第二次世界大戦中、世界の工業国は、世界貿易を促進することによって、より大きな経済の安定と平和をもたらすことを期待する世界通貨制度に合意した。 このシステムは、1944年7月にニューハンプシャー州のブレトンウッズで44カ国によって合意され、世界の通貨と米ドルの間の固定為替レートを規定し、米ドルは金にリンクされていた3

しかし、ブレトンウッズシステムはその実施において多くの欠陥があり、その中でも、国内の経済目標とは両立しない世界の通貨間の固定パリティを維持しようとするものであった。 多くの国は、フィリップス曲線を上昇させ、失業とインフレの関係をより有利にすることを約束する金融政策を追求していたのです。 世界貿易が拡大するにつれて、ドル準備に対する需要も増加した。 一時期、国際収支が赤字になることでドル需要が満たされ、海外の中央銀行がドル準備をどんどん積み増した。 1960 年代後半にインフレが進行すると、ドルから金への交換が進み、1971 年夏にはニクソン大統領が海外の中央銀行によるドルから金への交換を停止した。 その後2年間、短命に終わったスミソニアン協定によって世界の通貨体制を救おうとしたが、ブレトン・ウッズ体制と同様、すぐに崩壊してしまった。 7148>

金との最後のつながりが断たれたことで、米ドルを含む世界のほとんどの通貨は完全に固定されなくなった。 世界的な危機の時期を除いて、先進国の通貨のほとんどが償還不能な紙幣本位制になったのは、歴史上初めてのことでした。 財政不均衡、エネルギー不足、悪いデータ

1960年代後半から1970年代前半は、米国経済にとって激動の時代だった。 ジョンソン大統領の「偉大なる社会」法案は、ベトナム戦争で財政が逼迫していた時期に、広範な社会的イニシアチブにまたがる大規模な支出プログラムをもたらした。 このような財政不均衡の拡大は金融政策を複雑にした。

財務省の資金調達計画に干渉するような金融政策行動を避けるために、FRBは「イーブン・キール」政策を実施する慣行に従った。 これは実質的には、中央銀行が政策の変更を実施せず、財務省の発行が発表されてから市場に売却されるまでの間、金利を一定に保つことを意味した。 通常の状況下では,財務省の発行は頻 繁には行われず,FRB の平準化政策は金融政 策の実施に大きな支障をきたすことはなかった。 しかし,国債発行がより一般的になると,連邦準備制度理事会(FRB)のイーブンキール原則への固執が,金融政策の実施をますます制約するようになった(Meltzer 2005)。

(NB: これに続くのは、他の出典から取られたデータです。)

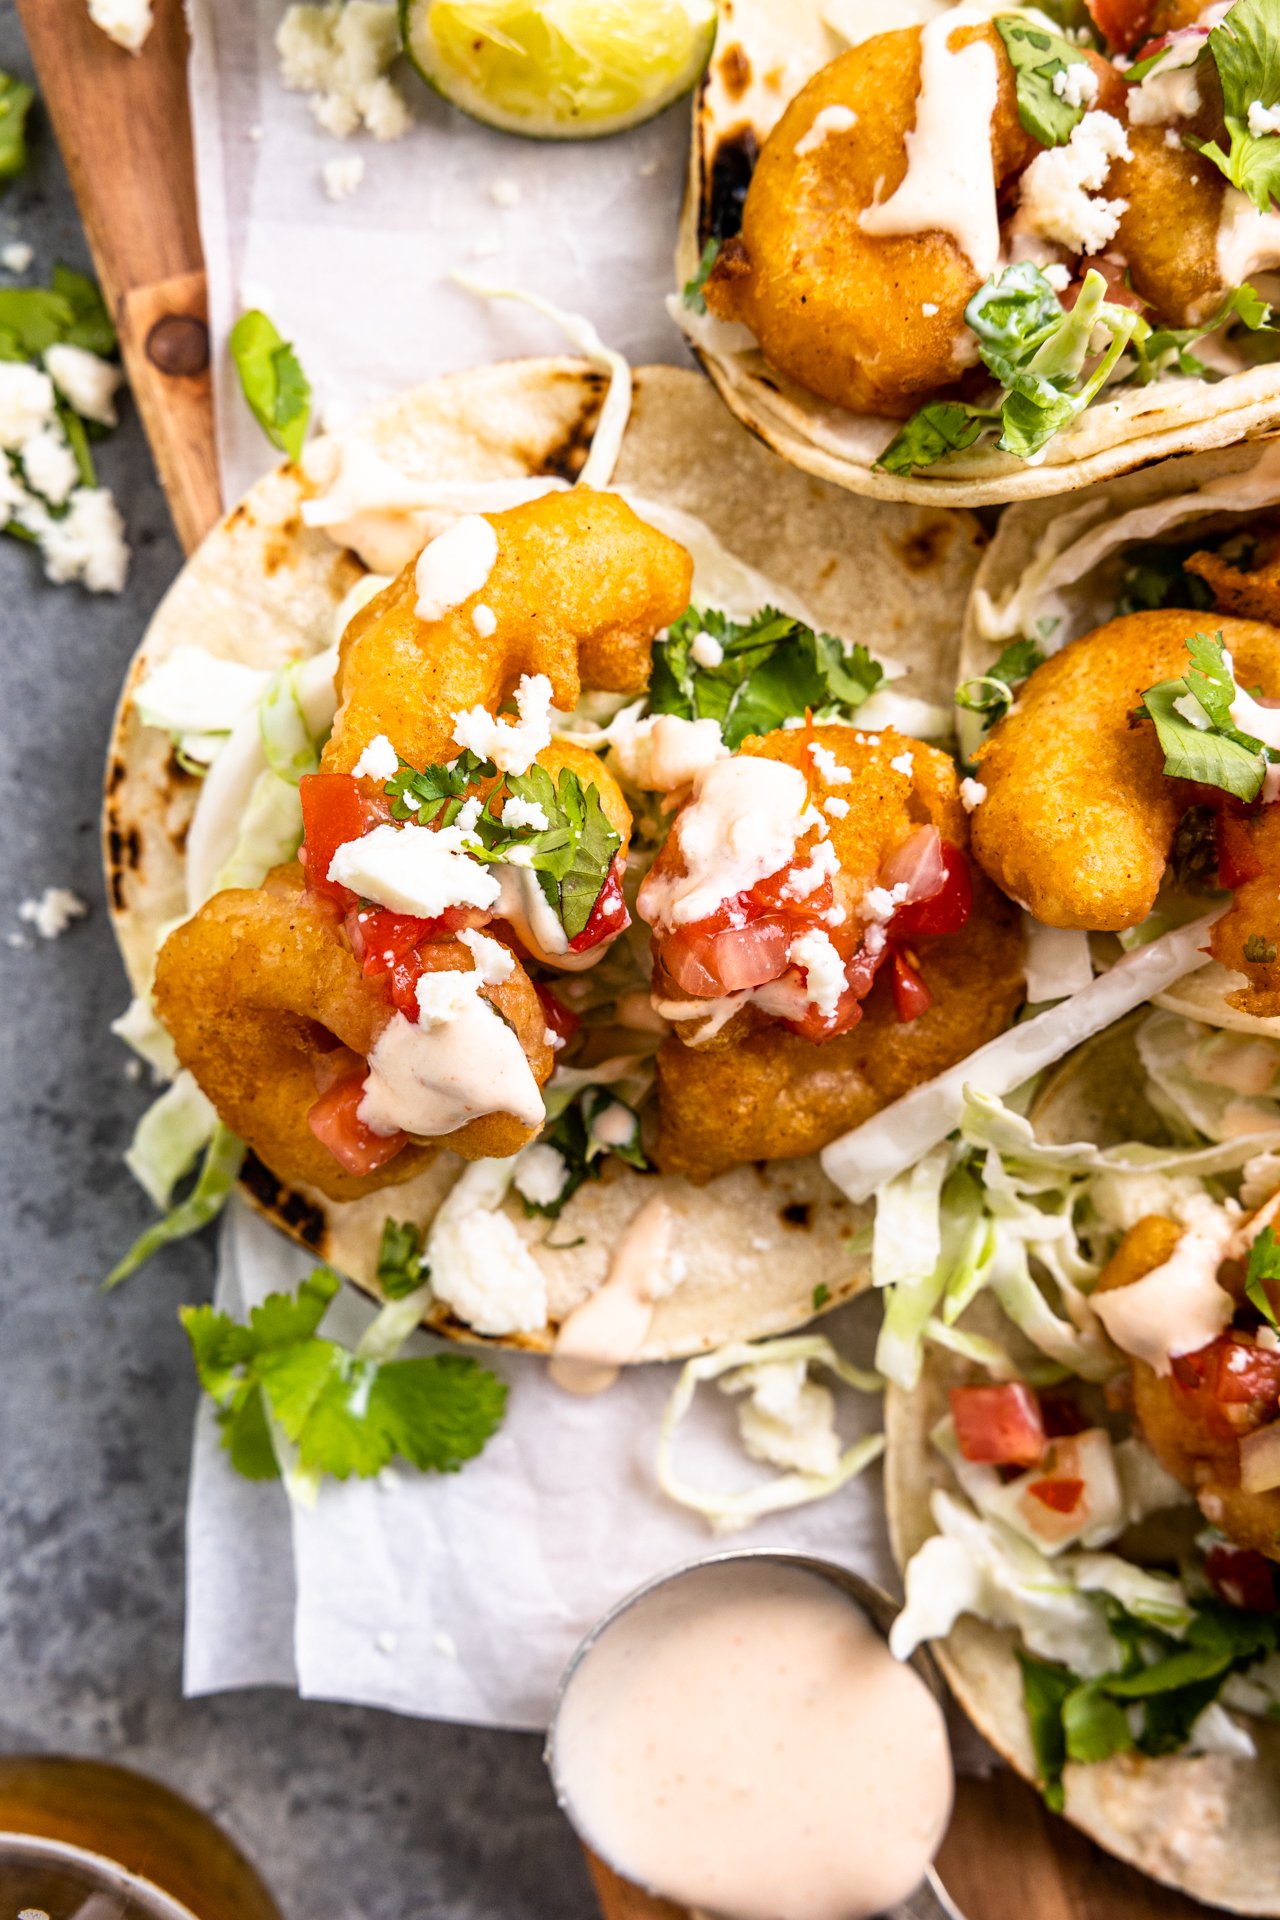 Corn tortillas loaded up with crispy slaw, fried shrimp and drizzled with fish taco sauce.

より破壊的な力は,石油コストの上昇と米国の成長の低下をもたらすエネルギー危機の繰返しであった。 最初の危機は、1973年10月に始まったアラブの石油禁輸で、約5カ月間続いた。 この間、原油価格は4倍に上昇し、1979年にイラン革命による第二次エネルギー危機が起こるまで、この状態が続いた。 7148>

1970年代、経済学者や政策立案者は、総体的な物価上昇を異なるインフレタイプに分類することが一般的になり始めた。 「需要引き込み型」インフレは、マクロ経済政策、特に金融政策の直接的な影響であった。 これは、経済が通常の生産能力を超えて、より高価な資源を引き込むことなく、経済が生産できるレベルを超える支出を生み出す政策から生じるものであった。 この「コストプッシュ」インフレは、生産の連鎖を経て小売価格の上昇にもつながった。 しかし、石油価格の上昇に対応して発生した失業率の上昇は、そうではなかった。

準備金の管理についてほとんど、あるいは全く固定されない完全雇用を作り出すという使命によって動機づけられ、連邦準備制度は、大規模で上昇する財政不均衡を調整し、エネルギーコストによって生じる逆風に寄り掛かった。 これらの政策はマネーサプライの拡大を加速させ、失業率を下げることなく物価全体を上昇させた。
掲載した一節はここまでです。